Transcribe every entry below word for word, but skip the pictures.

(Records from a data source)
BEGIN
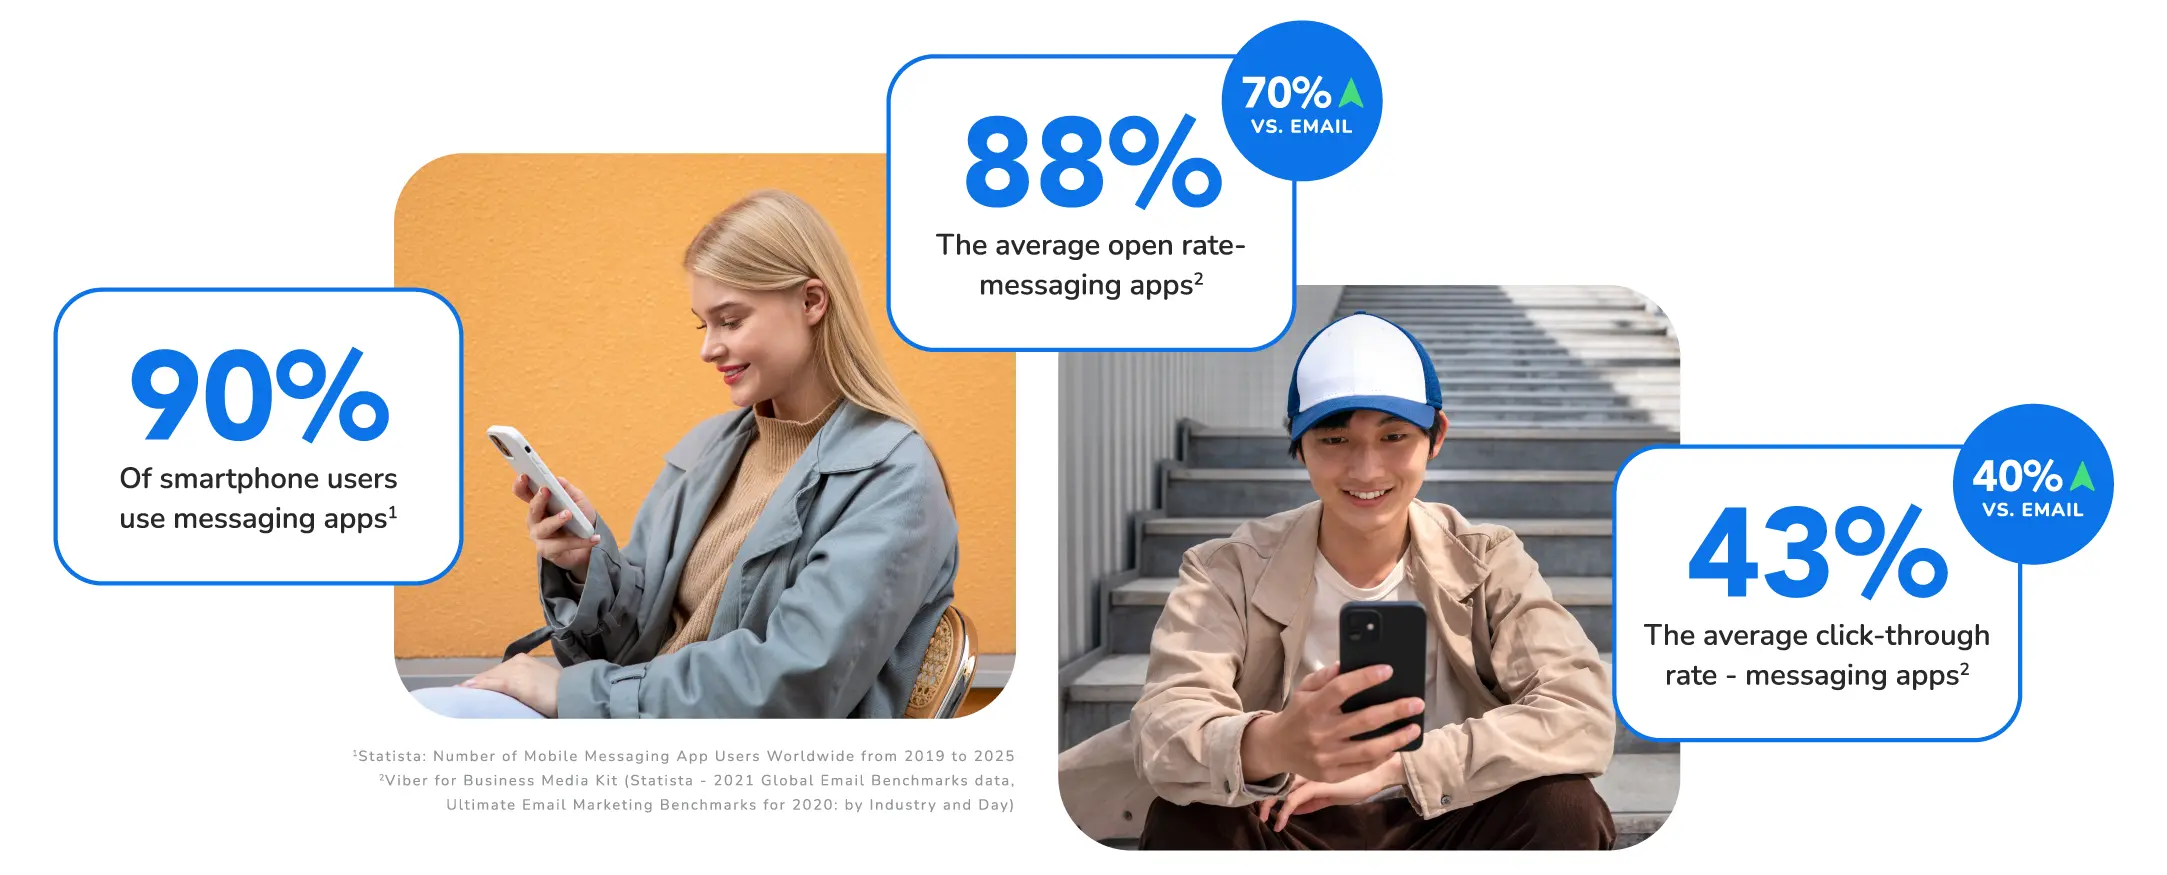 Consumers using messaging apps on their phones and data highlighting the power of messaging apps such as high open and click-through rates.
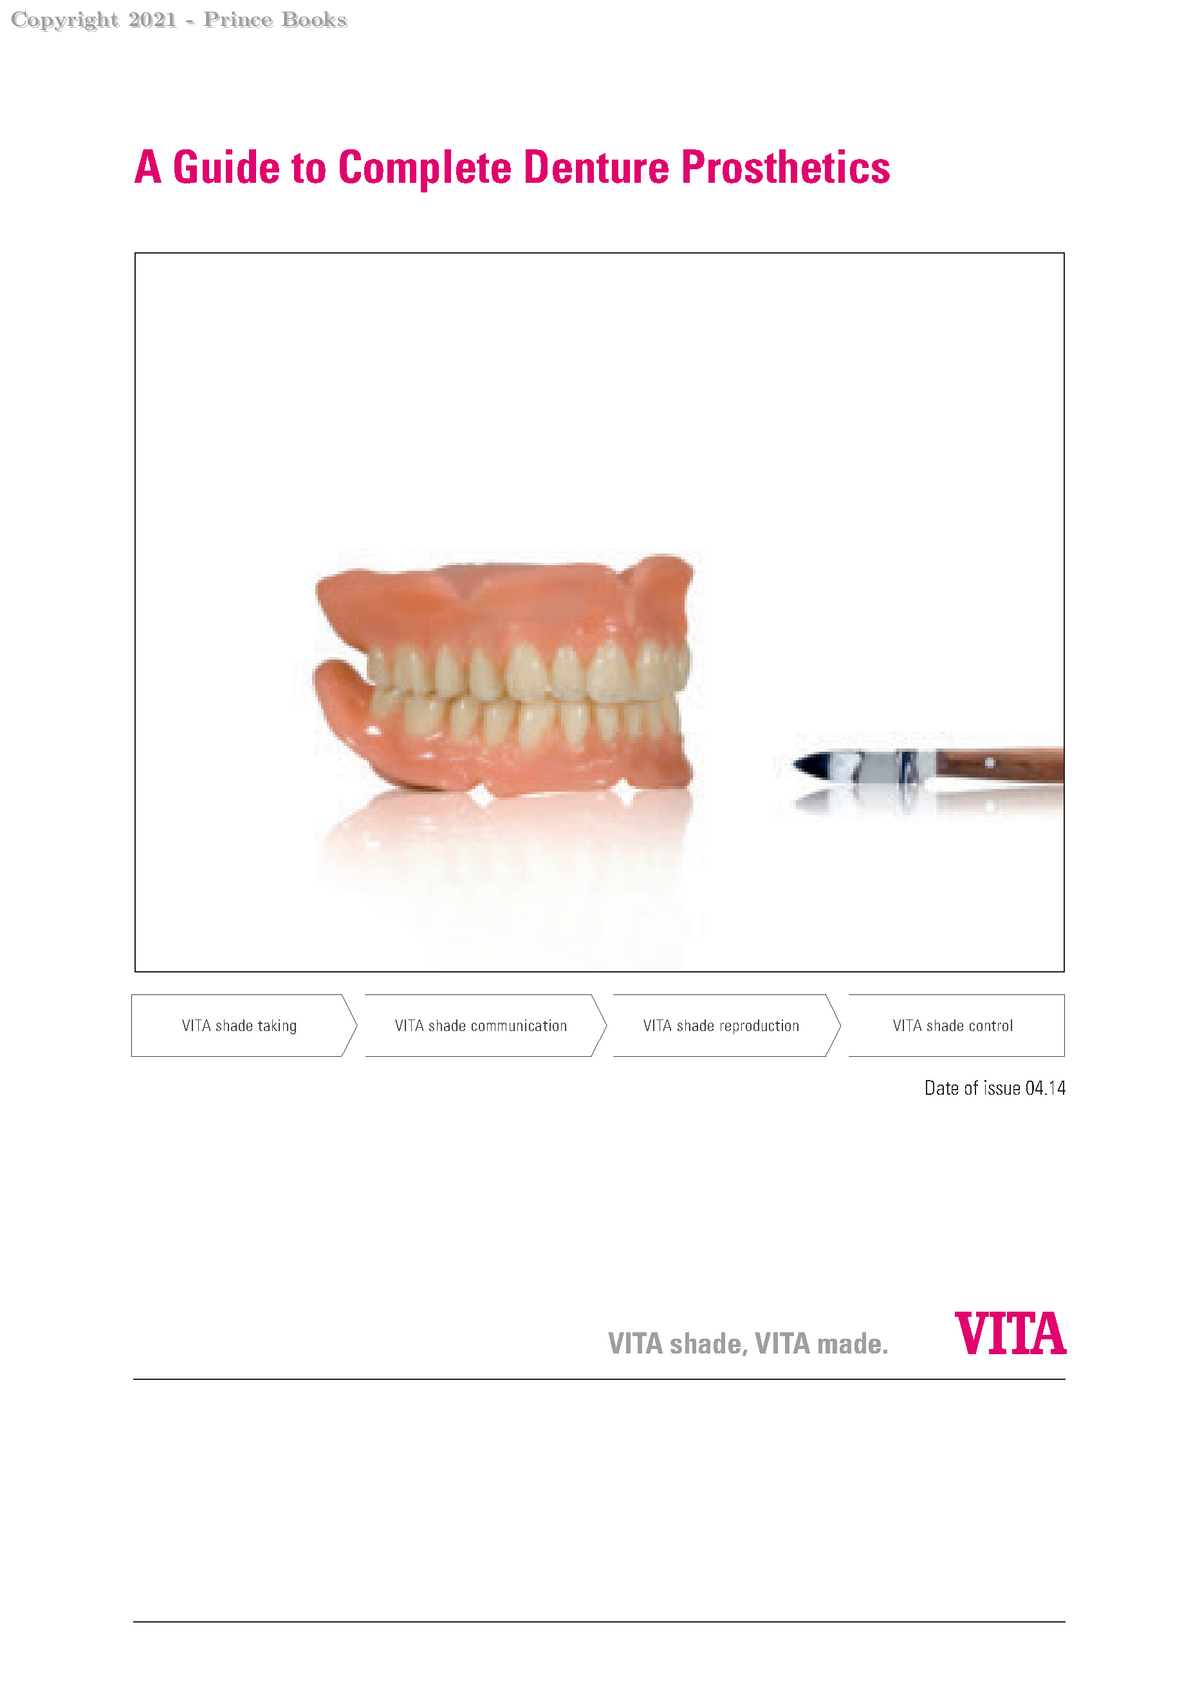 a Guide to Complete Denture Prosthetics
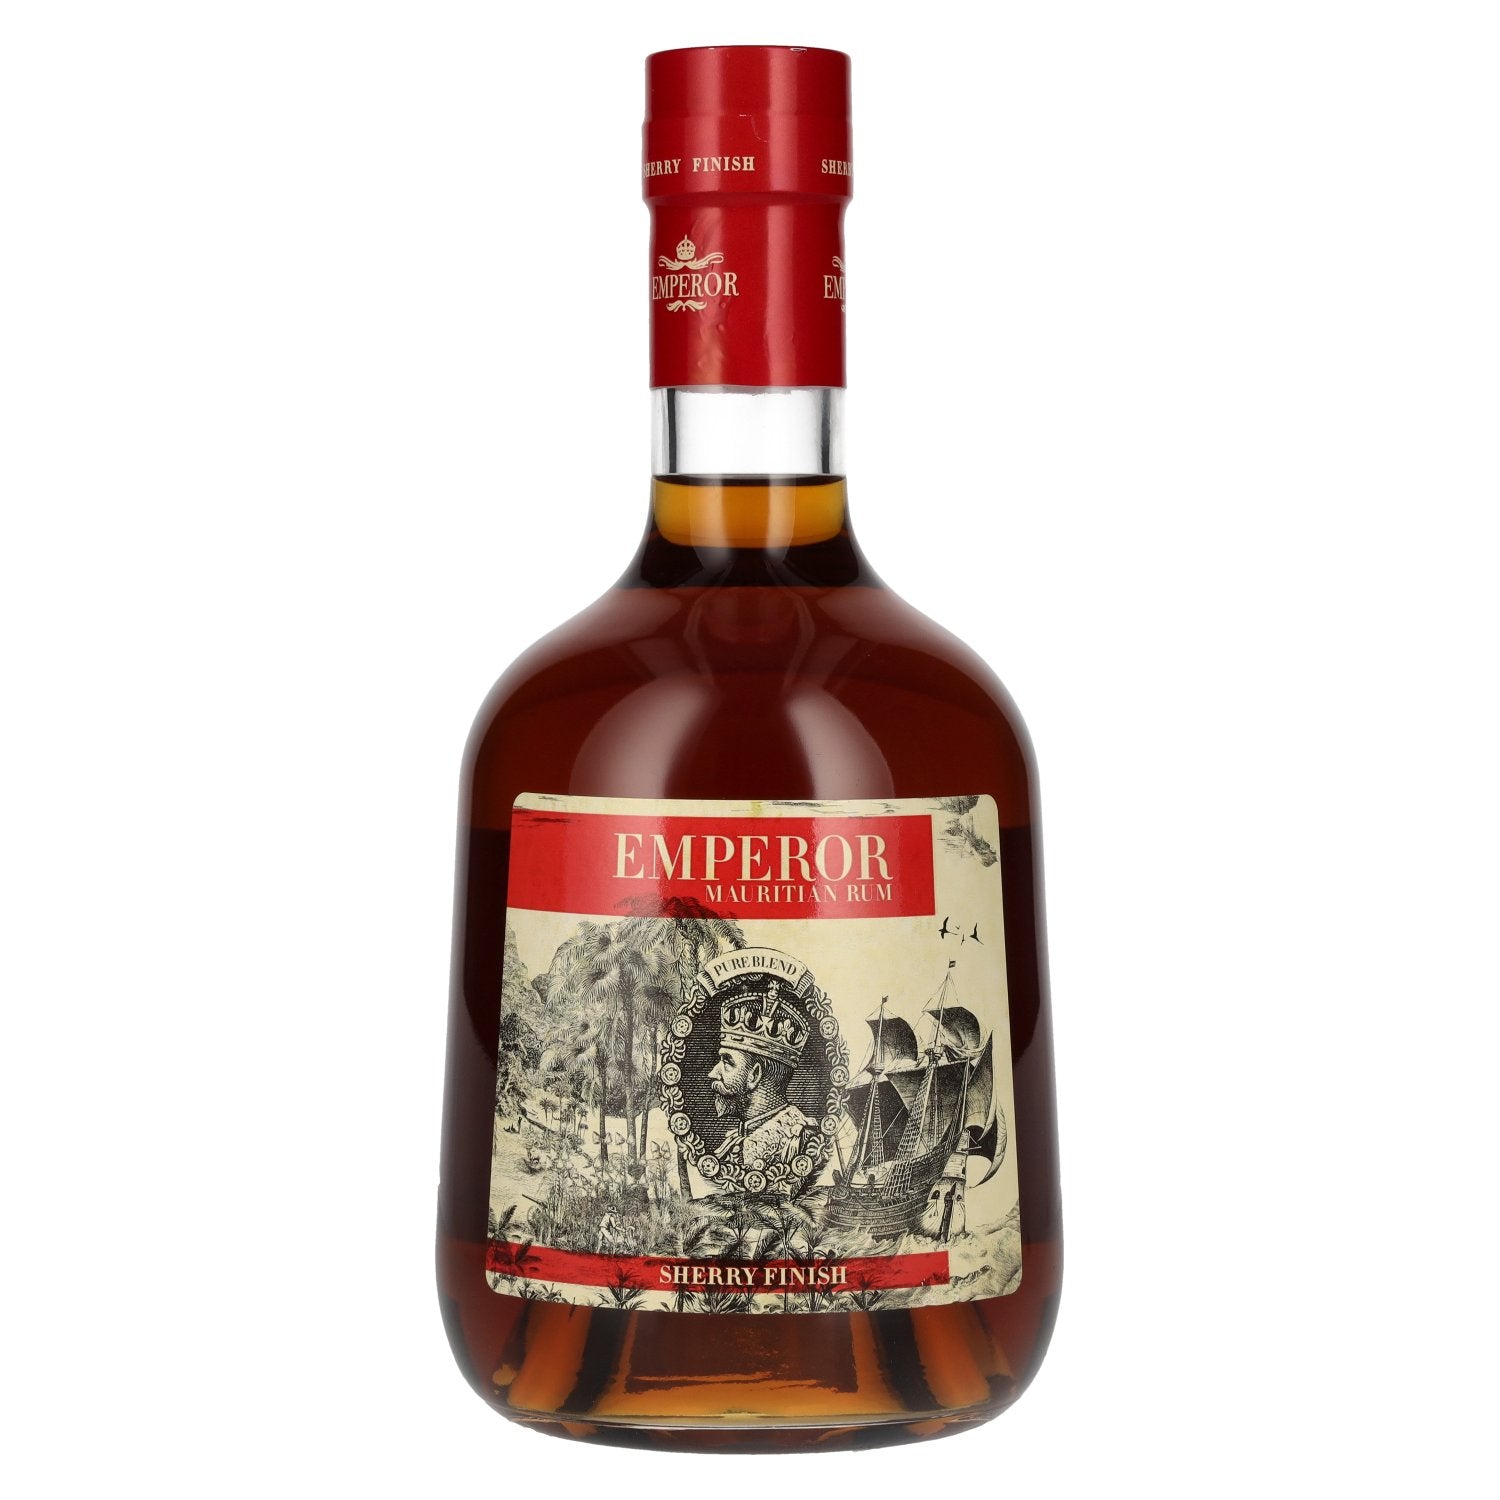 Emperor Mauritian Rum Aged Blend Sherry Finish 40% Vol. 0,7l
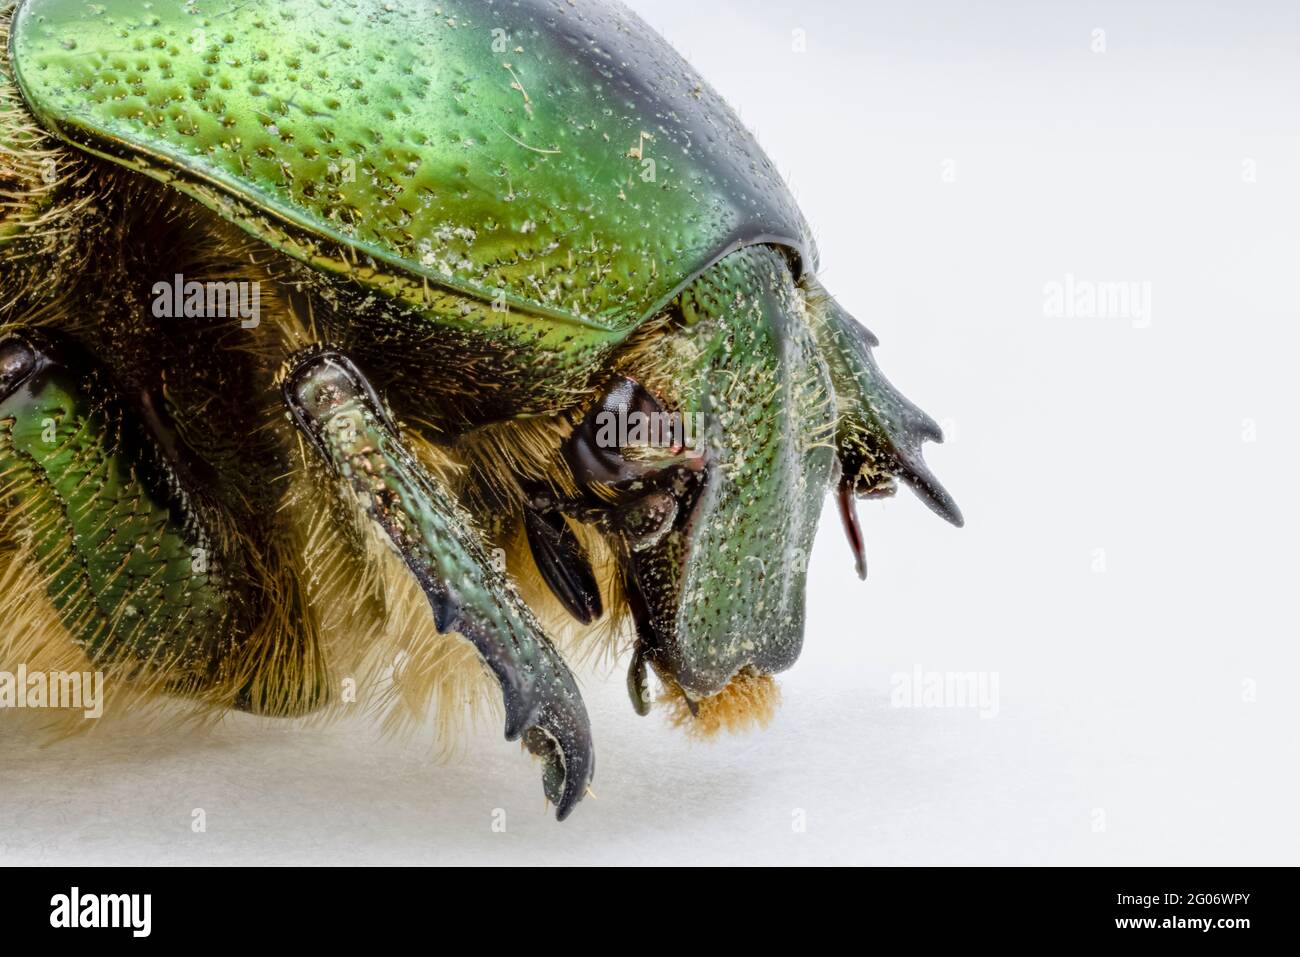 Close up anterior view of a large metallic green European Rose Chafer (Cetonia aurata) beetle, common in southern England, against a white background Stock Photo
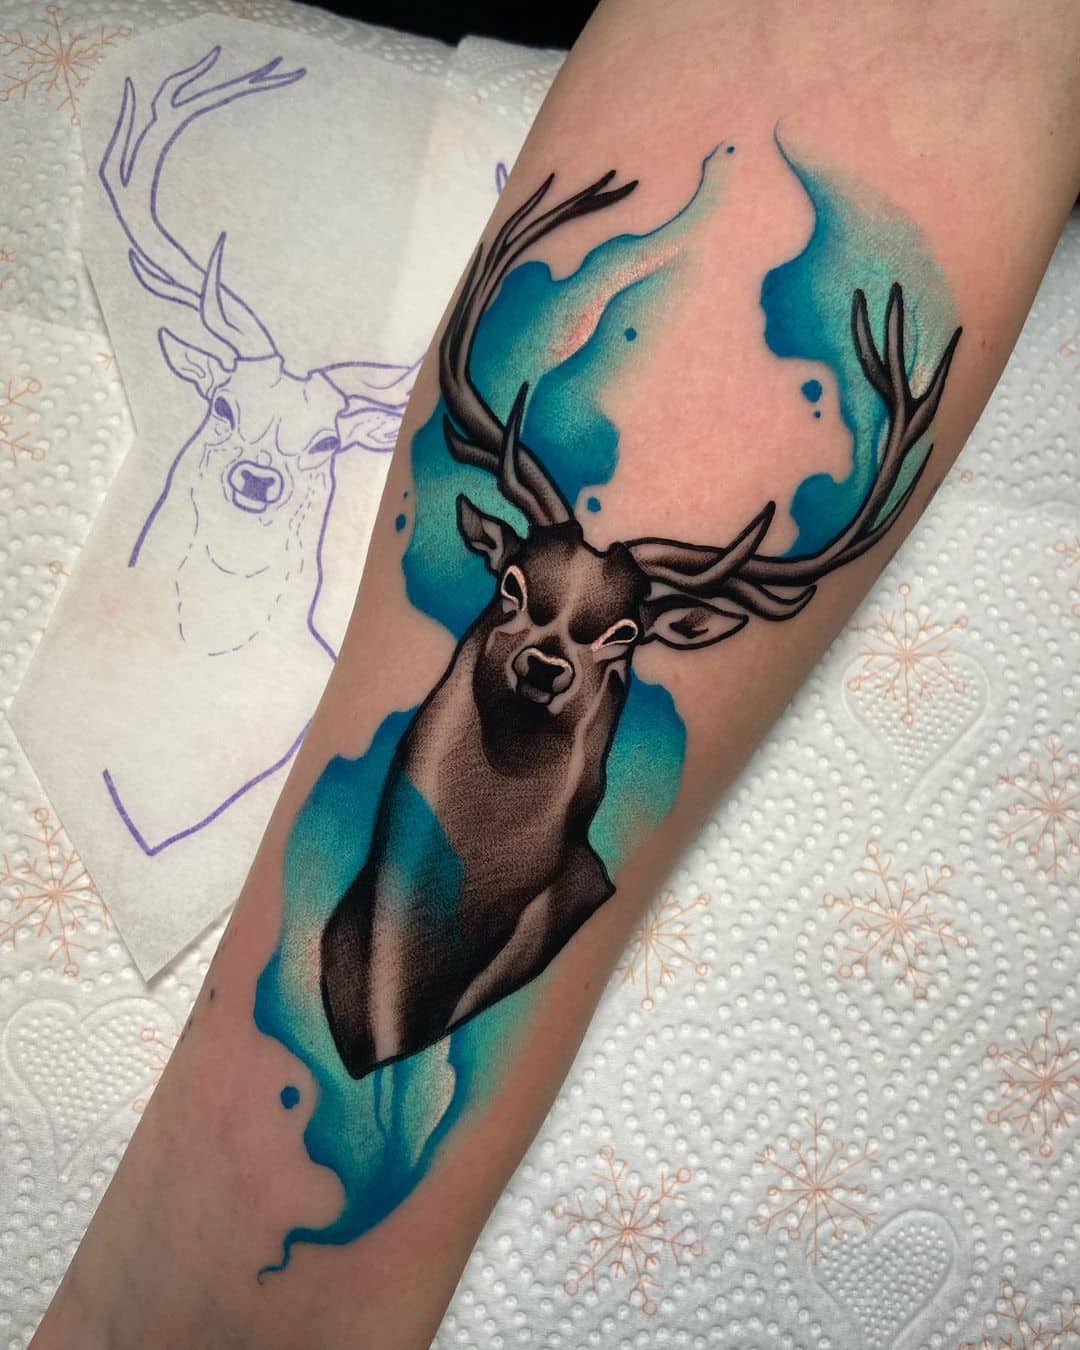 25 Incredible Deer Tattoo Design Ideas and Their Meaning - Wittyduck
END
▶ _Exercise solution_:
 Consumers using messaging apps on their phones and data highlighting the power of messaging apps such as high open and click-through rates.
 a Guide to Complete Denture Prosthetics
 Emperor Mauritian Rum Aged Blend Sherry Finish 40% Vol. 0,7l
 Close up anterior view of a large metallic green European Rose Chafer (Cetonia aurata) beetle, common in southern England, against a white background Stock Photo
 25 Incredible Deer Tattoo Design Ideas and Their Meaning - Wittyduck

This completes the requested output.